■ TASK TO COMPLETE ■
Only the lines in the entries below from the line with "Vesuvio Napoli Self" to the line with "EGYPT CAIRO 1958", both included, belong in the answer, transcribed exactly and without pictures.

■ SUPPLIED DATA ■
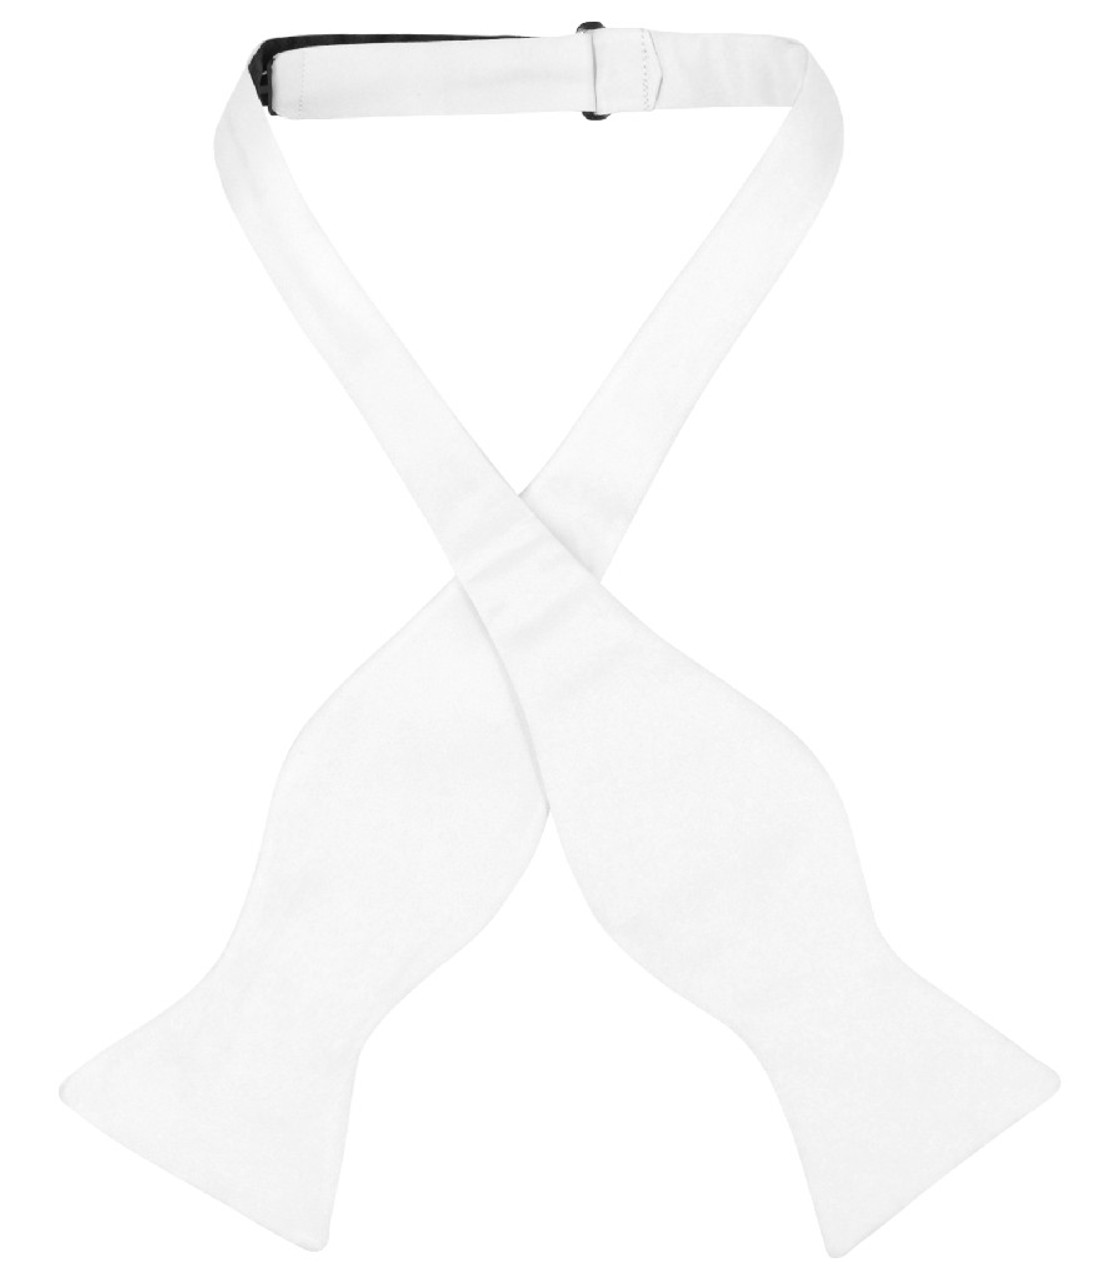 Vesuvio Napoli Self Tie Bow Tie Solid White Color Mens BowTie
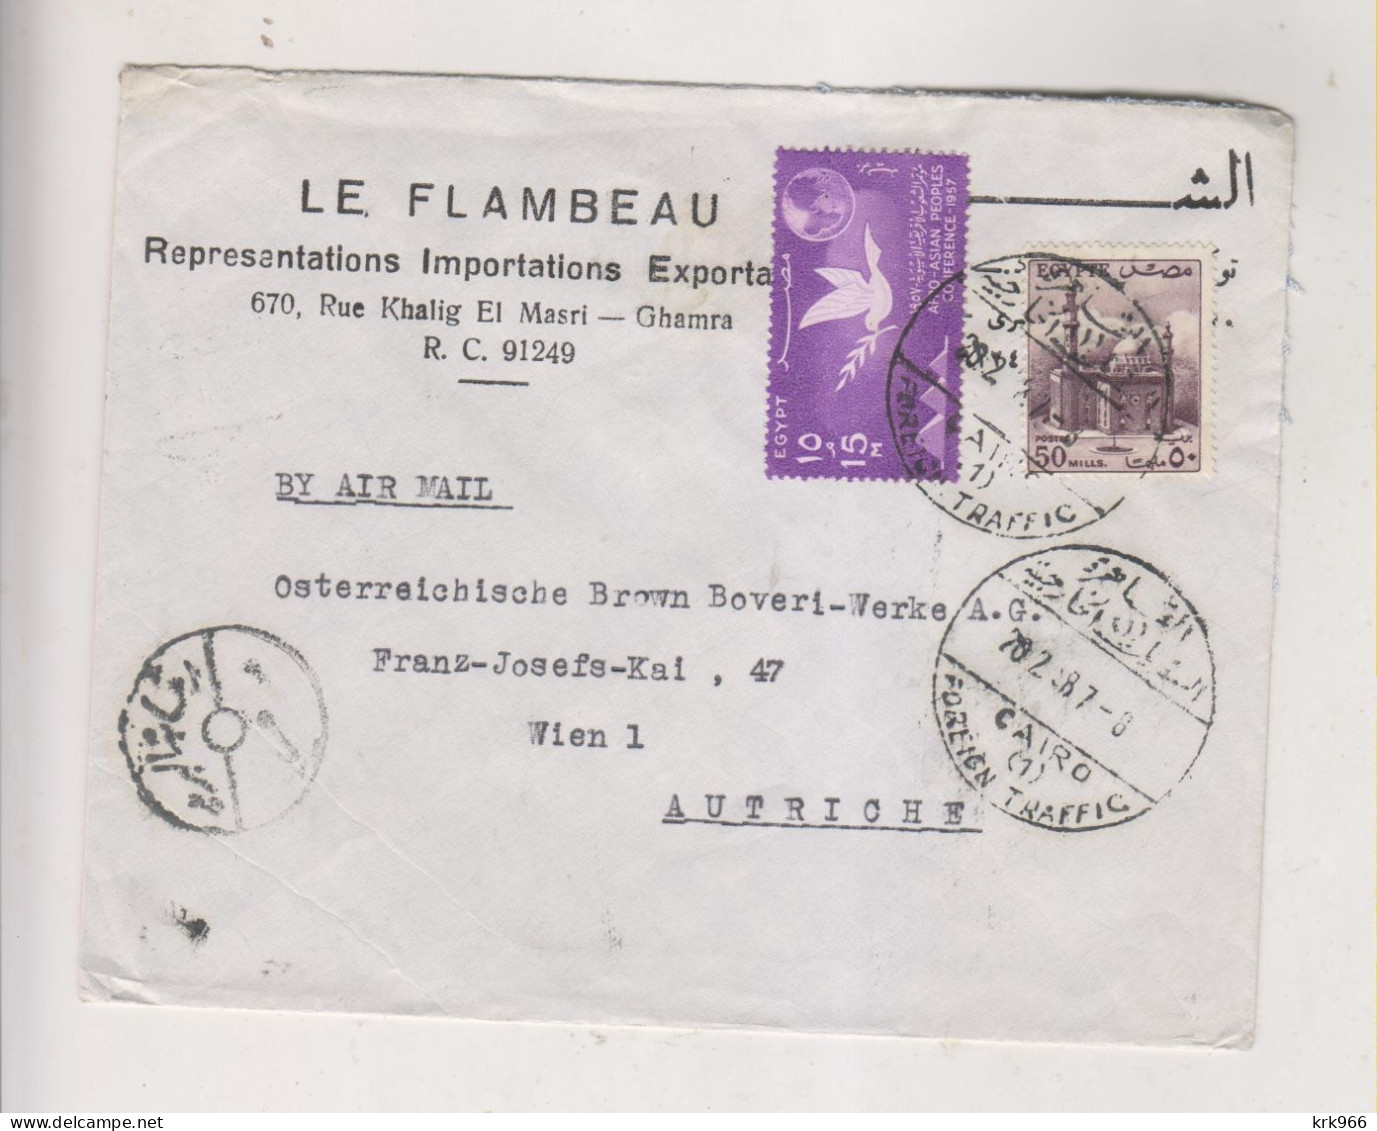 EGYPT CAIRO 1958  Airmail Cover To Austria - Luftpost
...
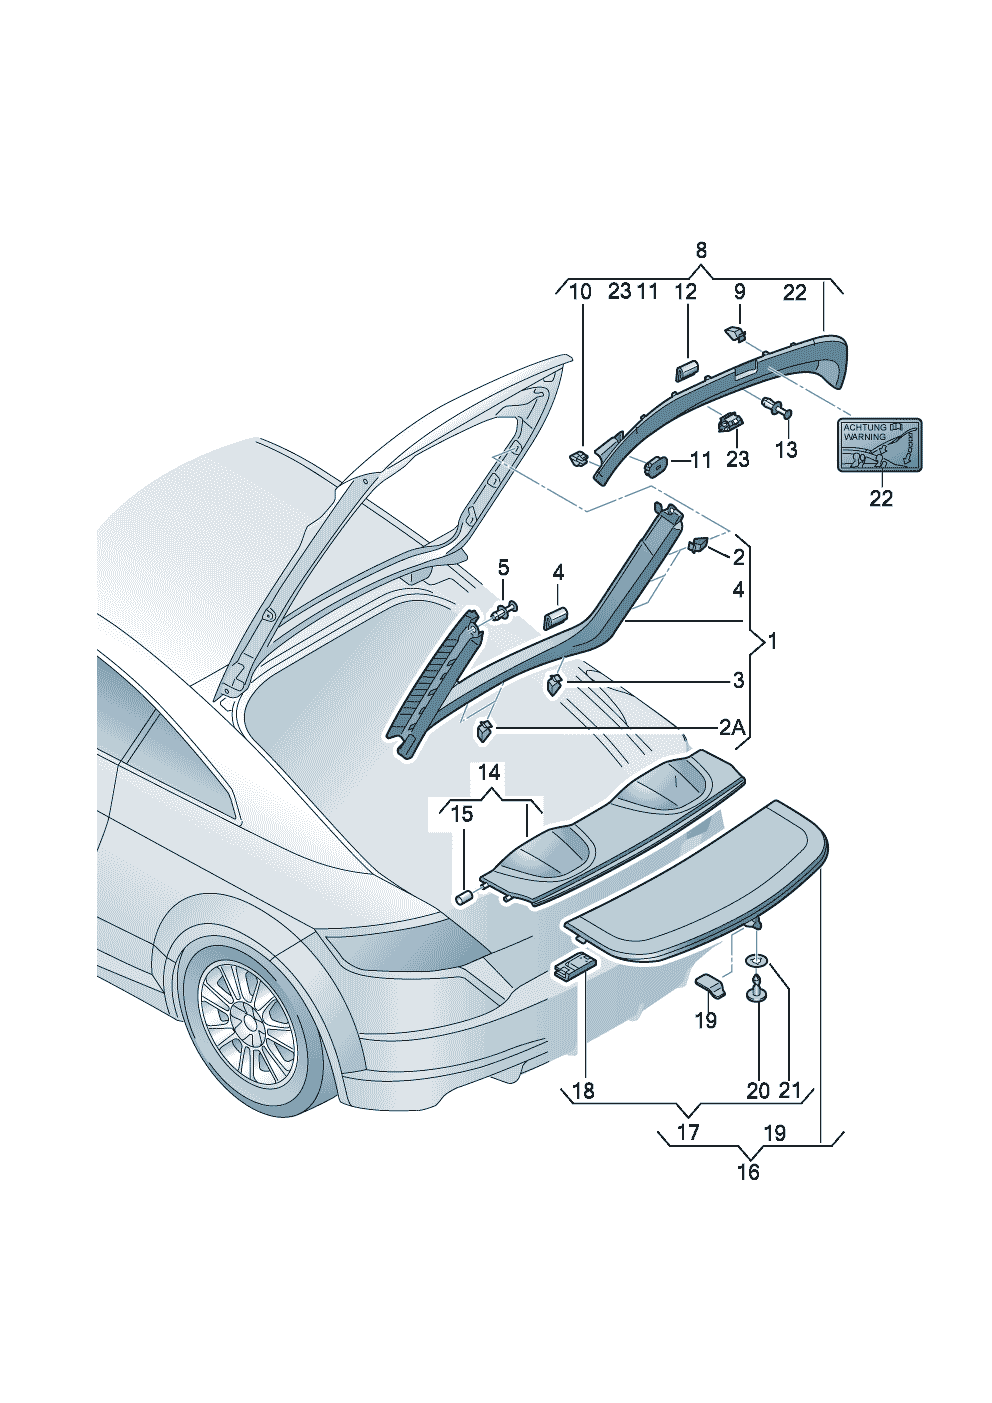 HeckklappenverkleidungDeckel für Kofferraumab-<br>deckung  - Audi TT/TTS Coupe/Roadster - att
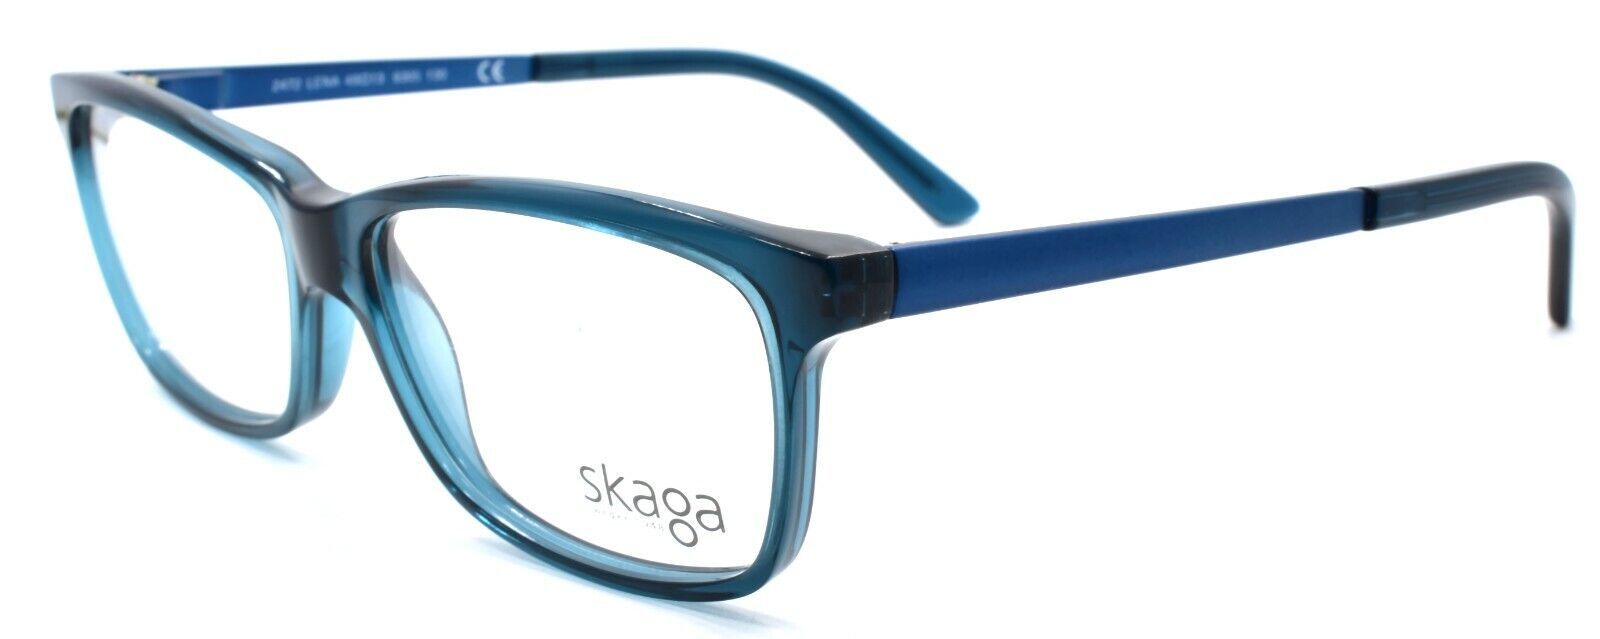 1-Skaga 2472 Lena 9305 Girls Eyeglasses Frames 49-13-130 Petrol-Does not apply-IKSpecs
==
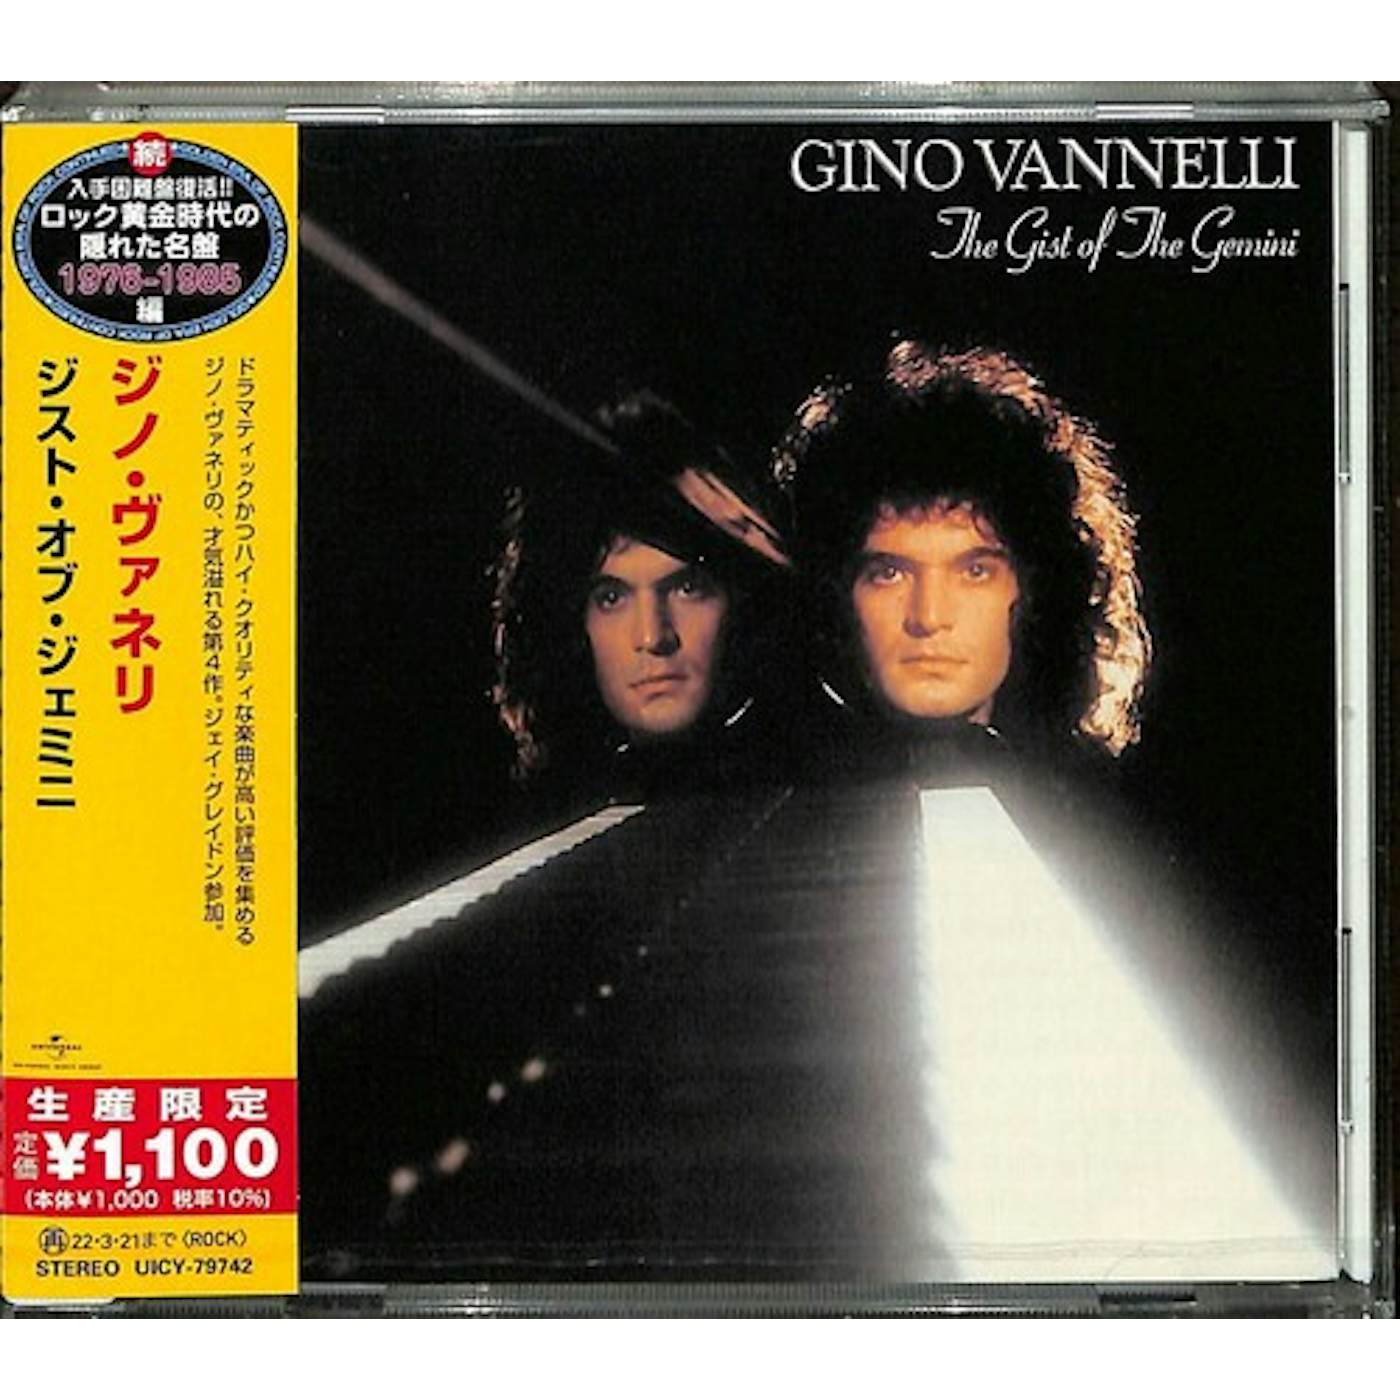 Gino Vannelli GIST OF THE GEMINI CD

■ TASK OUTPUT ■
 Vesuvio Napoli Self Tie Bow Tie Solid White Color Mens BowTie
 EGYPT CAIRO 1958  Airmail Cover To Austria - Luftpost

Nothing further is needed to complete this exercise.